Even after enabling the prometheus module in Ceph mgr, RBD per-image IO statistics are disabled by default. And it's well documented in the upstream.
https://docs.ceph.com/en/quincy/mgr/prometheus/#rbd-io-statistics

We don't have to enable the statistics out of the box, but it would be good if we expose it as a charm config option so that operators can enable the stat for necessary RBD pools per their need.

There was a proposed patch to charm-ceph-dashboard before, but this config should be in charm-ceph-mon instead since it doesn't depends on the fact that ceph-dashboard is deployed or not.
https://review.opendev.org/c/openstack/charm-ceph-dashboard/+/855888/8/src/charm.py

Revision history for this message
Nobuto Murata (nobuto) wrote :

Just for the record, this is out of the box (empty)

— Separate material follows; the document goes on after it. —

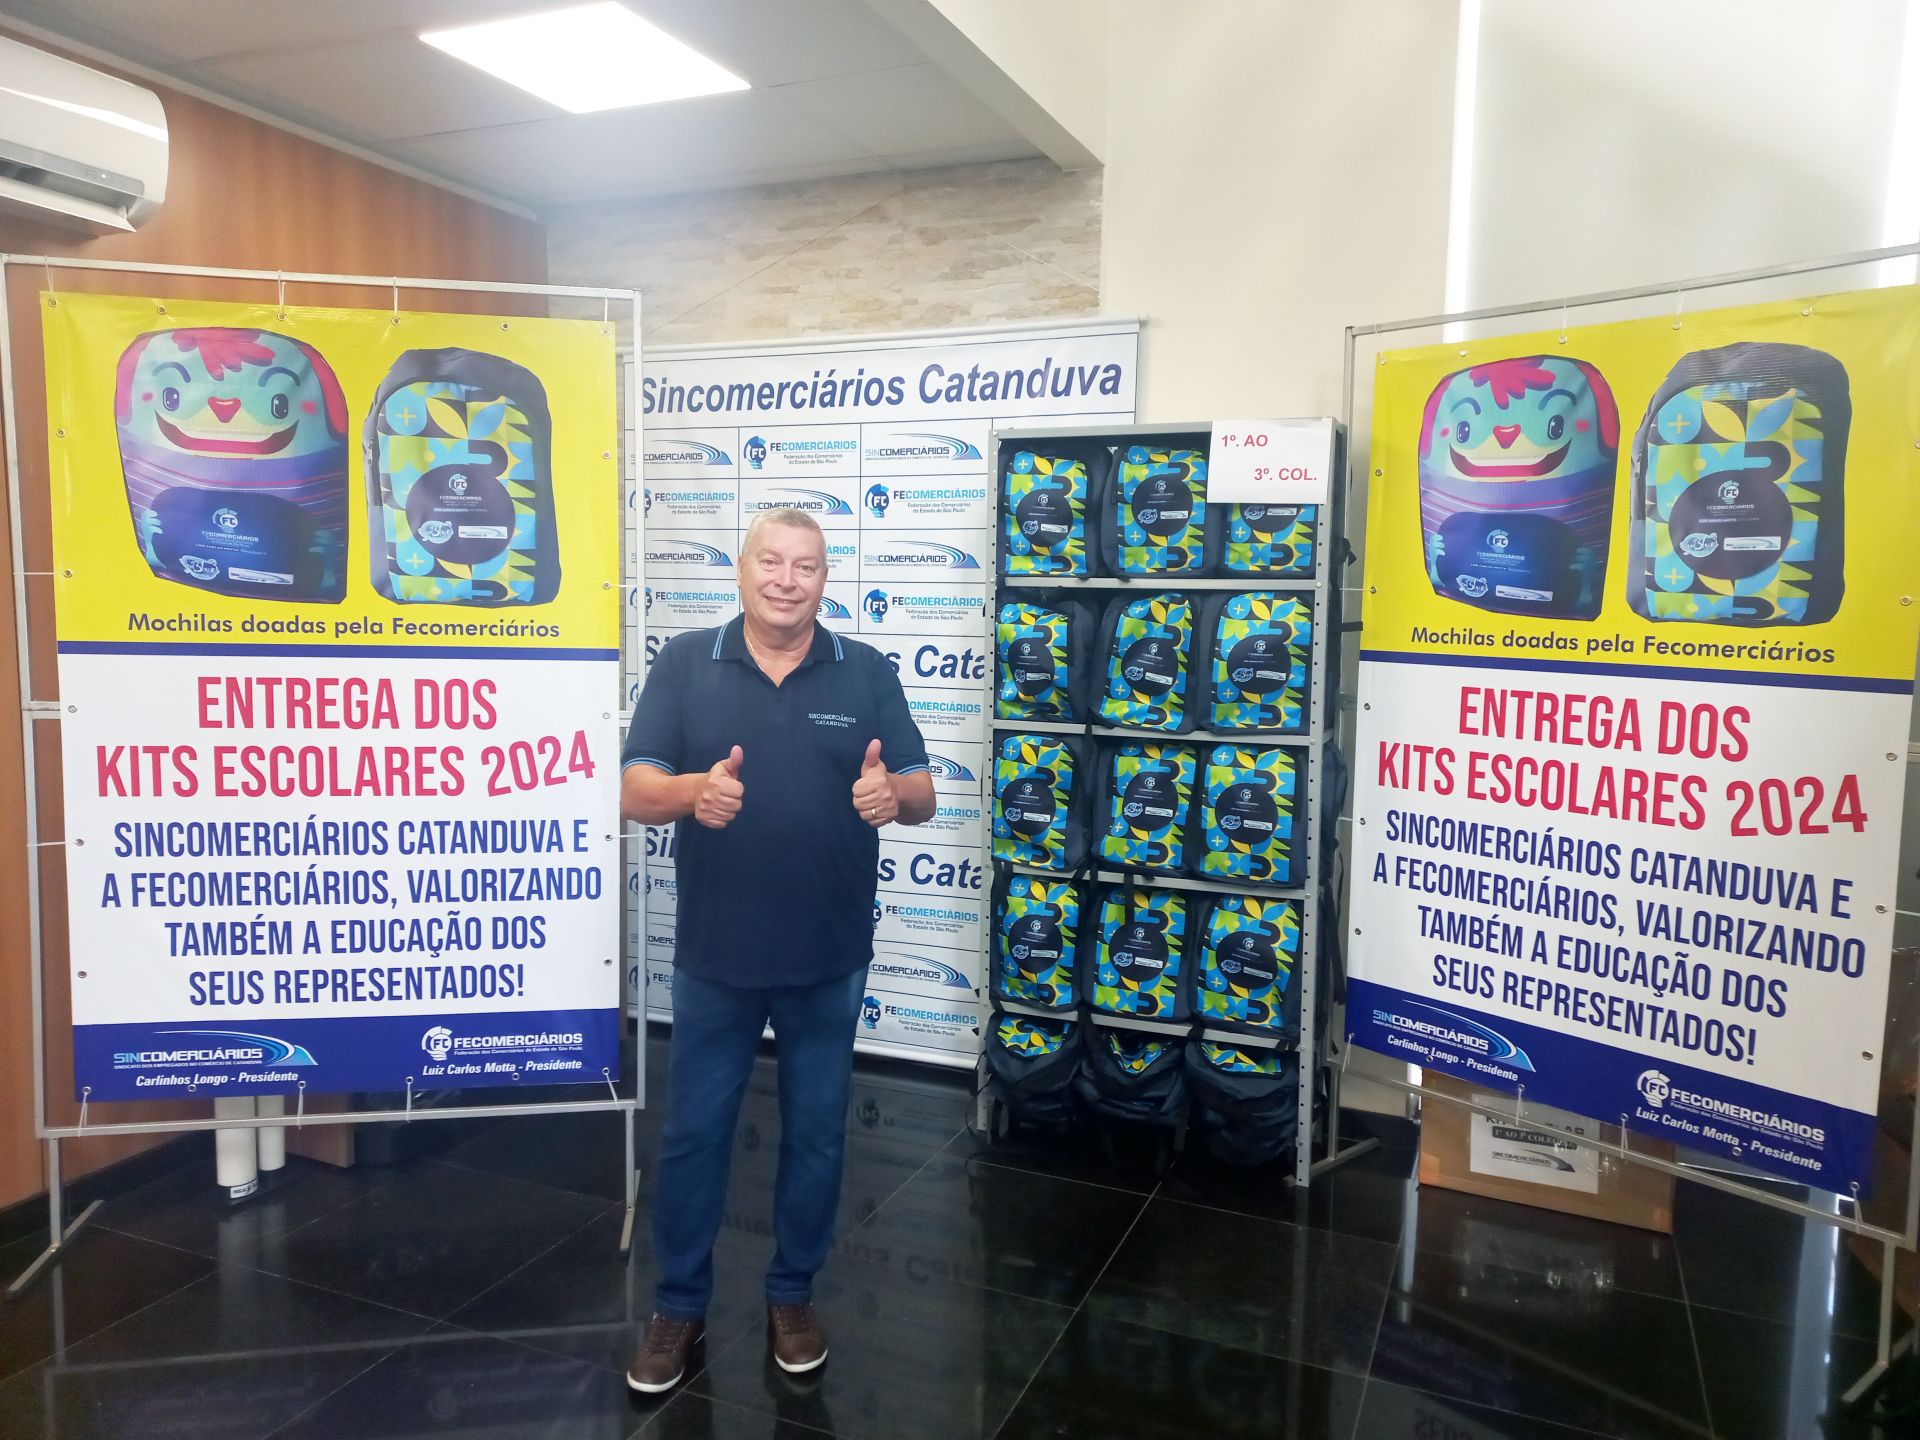 Sincomerciários de Catanduva entregou 1.335 kits escolares

Revision history for this message
Nobuto Murata (nobuto) wrote :

And this is after executing the following by hand.

juju exec --unit ceph-mon/leader 'ceph config set mgr mgr/prometheus/rbd_stats_pools "*"'

Revision history for this message
Nobuto Murata (nobuto) wrote :

Also we would be able to show an informative message in the dashboard itself so nobody has to wonder why it has no data.

POC patch:
https://github.com/nobuto-m/ceph/commit/8a6974eb86abb667bab9afe1d9950f940363d81a

Revision history for this message
OpenStack Infra (hudson-openstack) wrote : Fix proposed to charm-ceph-mon (master)
Changed in charm-ceph-mon:
status: New → In Progress
Revision history for this message
OpenStack Infra (hudson-openstack) wrote : Fix merged to charm-ceph-mon (master)

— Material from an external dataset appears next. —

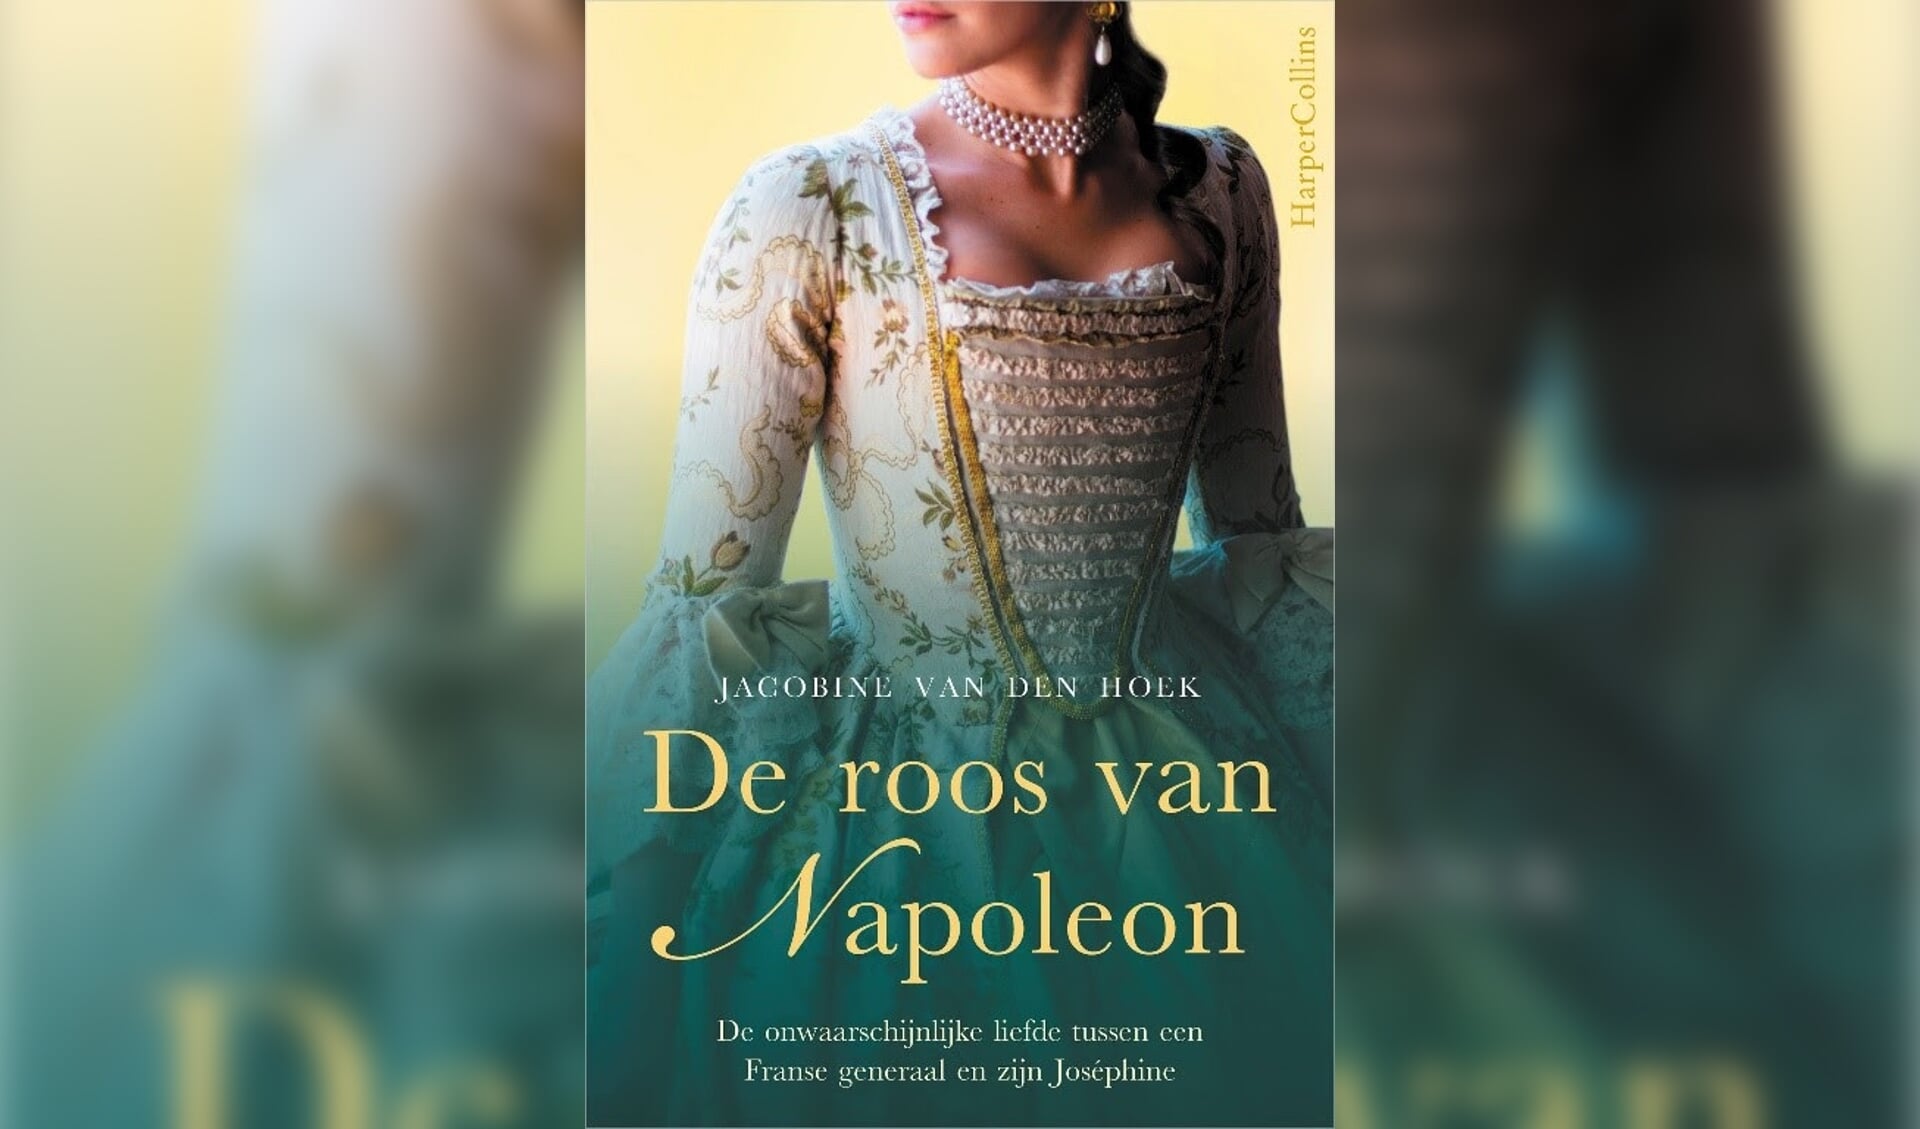 Het boek van Jacobine van den Hoek.

Reviewed: https://review.opendev.org/c/openstack/charm-ceph-mon/+/900153
Committed: https://opendev.org/openstack/charm-ceph-mon/commit/ffe81367e10eaf8c6fecc96f3c442eb471354bbc
Submitter: "Zuul (22348)"
Branch: master

commit ffe81367e10eaf8c6fecc96f3c442eb471354bbc
Author: Samuel Walladge <email address hidden>
Date: Mon Nov 6 17:11:19 2023 +1030

    Add config option for rbd_stats_pools

    This allows configuration RBD IO statistics collection for RBD pools.

    Co-authored-by: Yoshi Kadokawa <email address hidden>

    Closes-Bug: #2042405

    Related-Bug: #1989648
    Change-Id: I2252163533a312f0f53165f946711ab20bb0e3c9

Changed in charm-ceph-mon:
status: In Progress → Fix Committed
Revision history for this message
OpenStack Infra (hudson-openstack) wrote : Fix proposed to charm-ceph-mon (stable/quincy.2)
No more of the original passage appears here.